#### Activity
Copy out exactly the lines below that run from the one holding "Cubierta del libro" to the one holding "Mini Wand Vibrator", keeping both of those lines and no others.

#### Data for the task
<<<<

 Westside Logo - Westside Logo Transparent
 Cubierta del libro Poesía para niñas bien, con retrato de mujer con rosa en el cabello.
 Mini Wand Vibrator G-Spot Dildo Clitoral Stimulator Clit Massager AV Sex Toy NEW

>>>>
<<<<

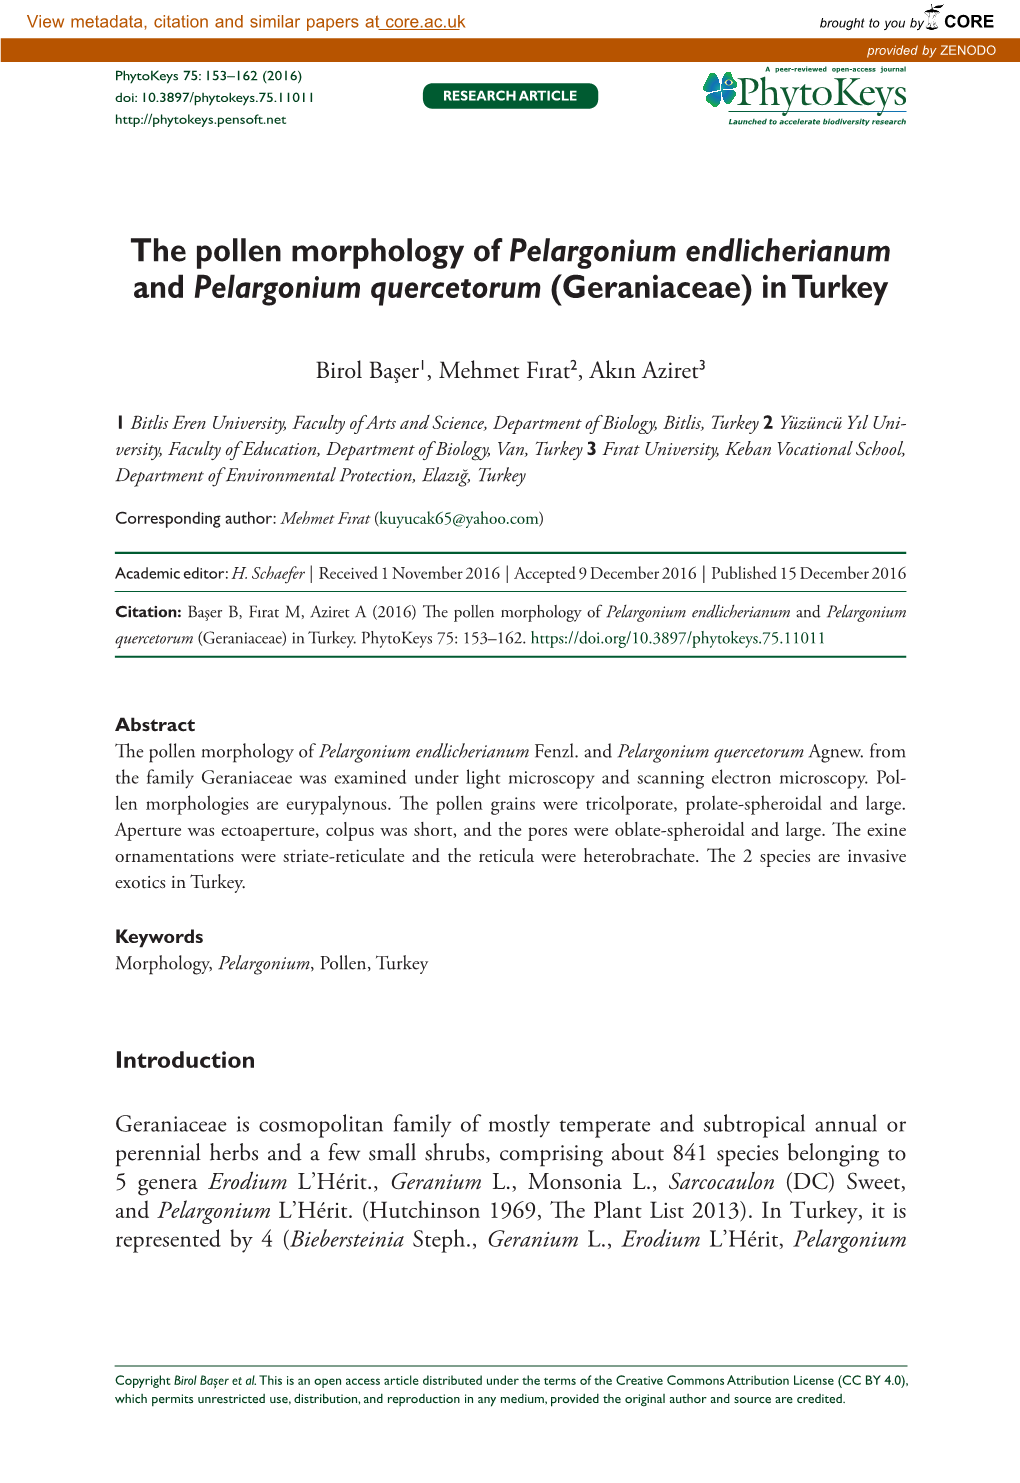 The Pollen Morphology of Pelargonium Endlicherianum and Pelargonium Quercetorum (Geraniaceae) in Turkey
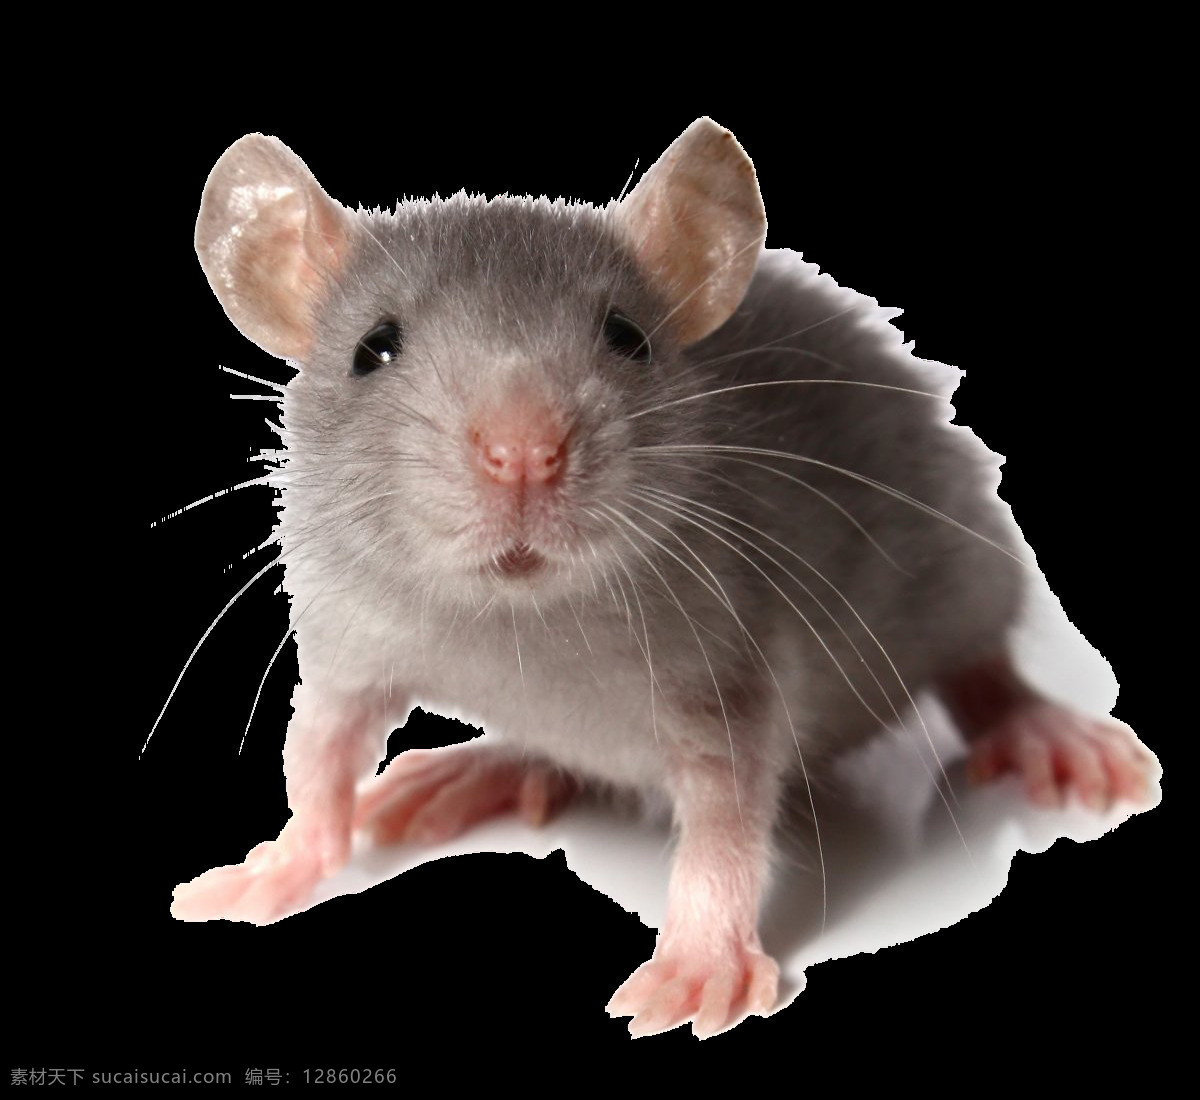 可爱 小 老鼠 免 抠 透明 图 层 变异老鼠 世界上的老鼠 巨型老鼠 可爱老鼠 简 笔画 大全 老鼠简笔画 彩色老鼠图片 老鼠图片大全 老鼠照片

>>>>

#### Task result
 Cubierta del libro Poesía para niñas bien, con retrato de mujer con rosa en el cabello.
 Mini Wand Vibrator G-Spot Dildo Clitoral Stimulator Clit Massager AV Sex Toy NEW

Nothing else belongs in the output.